AIVL
U.S. AI Enhanced Value Fund

Published August 12, 2025
Global Head of Research
The U.S. economy, by nearly every recent signal, remains strikingly resilient. As the second-quarter earnings season opens, financial institutions like JPMorgan and Wells Fargo are reporting profits that outpaced expectations, propelled by healthy consumer activity and robust corporate lending.1 Labor markets remain stable, household spending is firm, and even in the face of persistent tariff uncertainty, business leaders are describing a climate where capital markets are "open for business" and confidence is returning.2 In a world where every macroeconomic wobble might have once sparked investor panic, the market today seems less rattled, perhaps too much so.

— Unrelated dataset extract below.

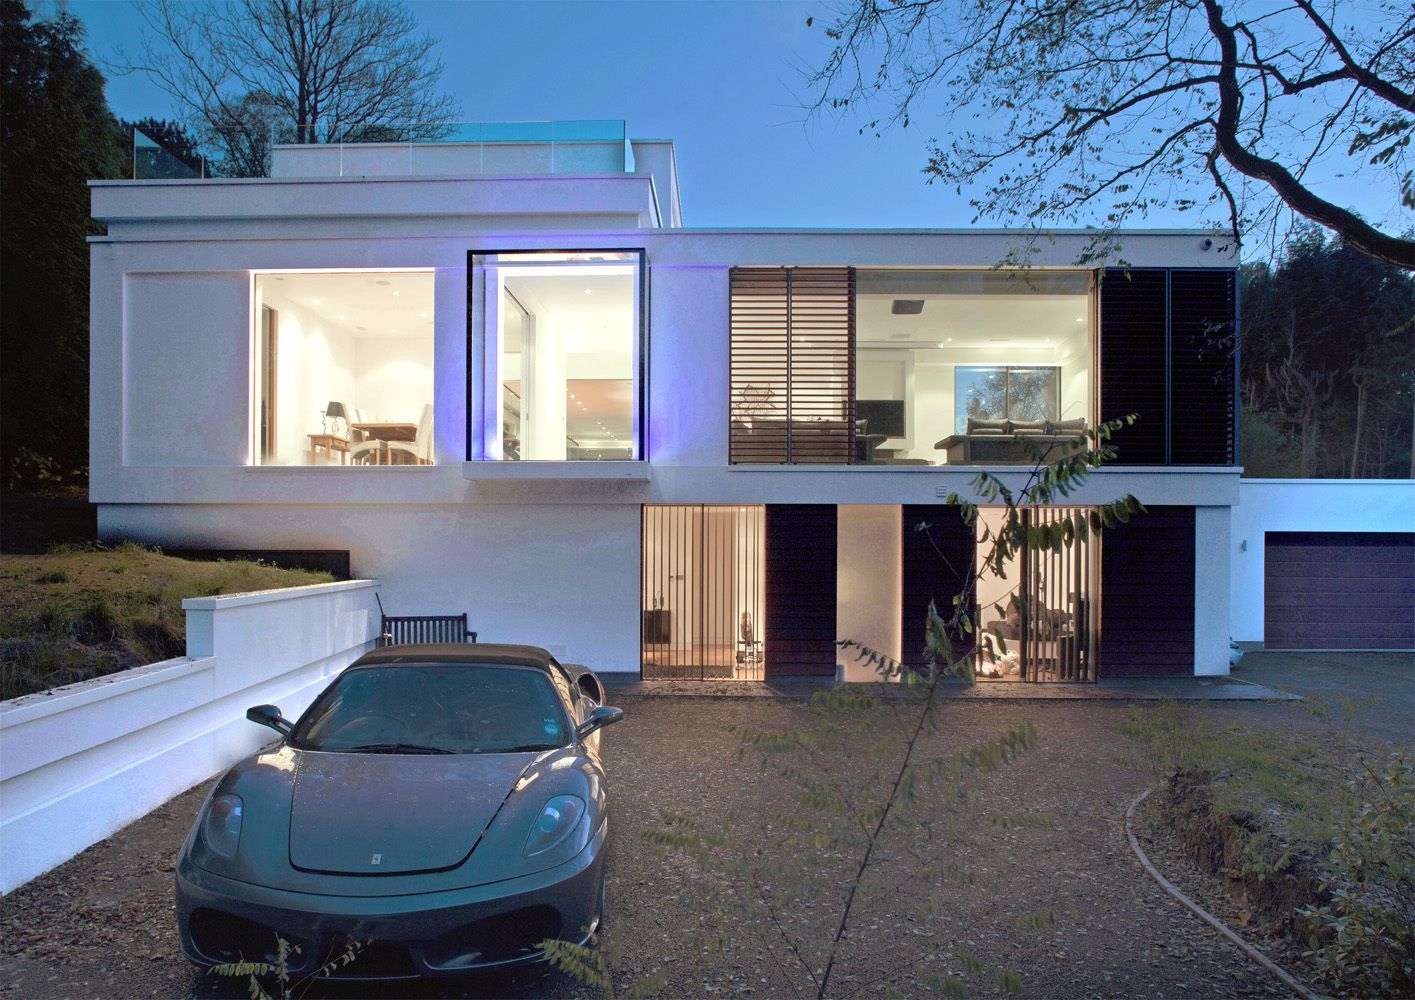 51b9e72ab3fc4b430e00000b_white-lodge-dyergrimes-architects_wl07logan

But beneath this outward strength lies a quieter caution. While consumers are spending, they're also trading down. Inventory managers remain conservative. CEOs from diverse sectors—retail, manufacturing, transport—echo the same refrain: uncertainty is rising around trade policy, Fed direction and geopolitical shocks.3 JPMorgan CEO Jamie Dimon warns of creeping market complacency, as equity investors increasingly overlook the structural risks that don't show up in quarterly earnings.4 The "soft landing" narrative dominates headlines, but it's clear that not all boats are rising equally. The winners in this environment are not always the highfliers of yesterday.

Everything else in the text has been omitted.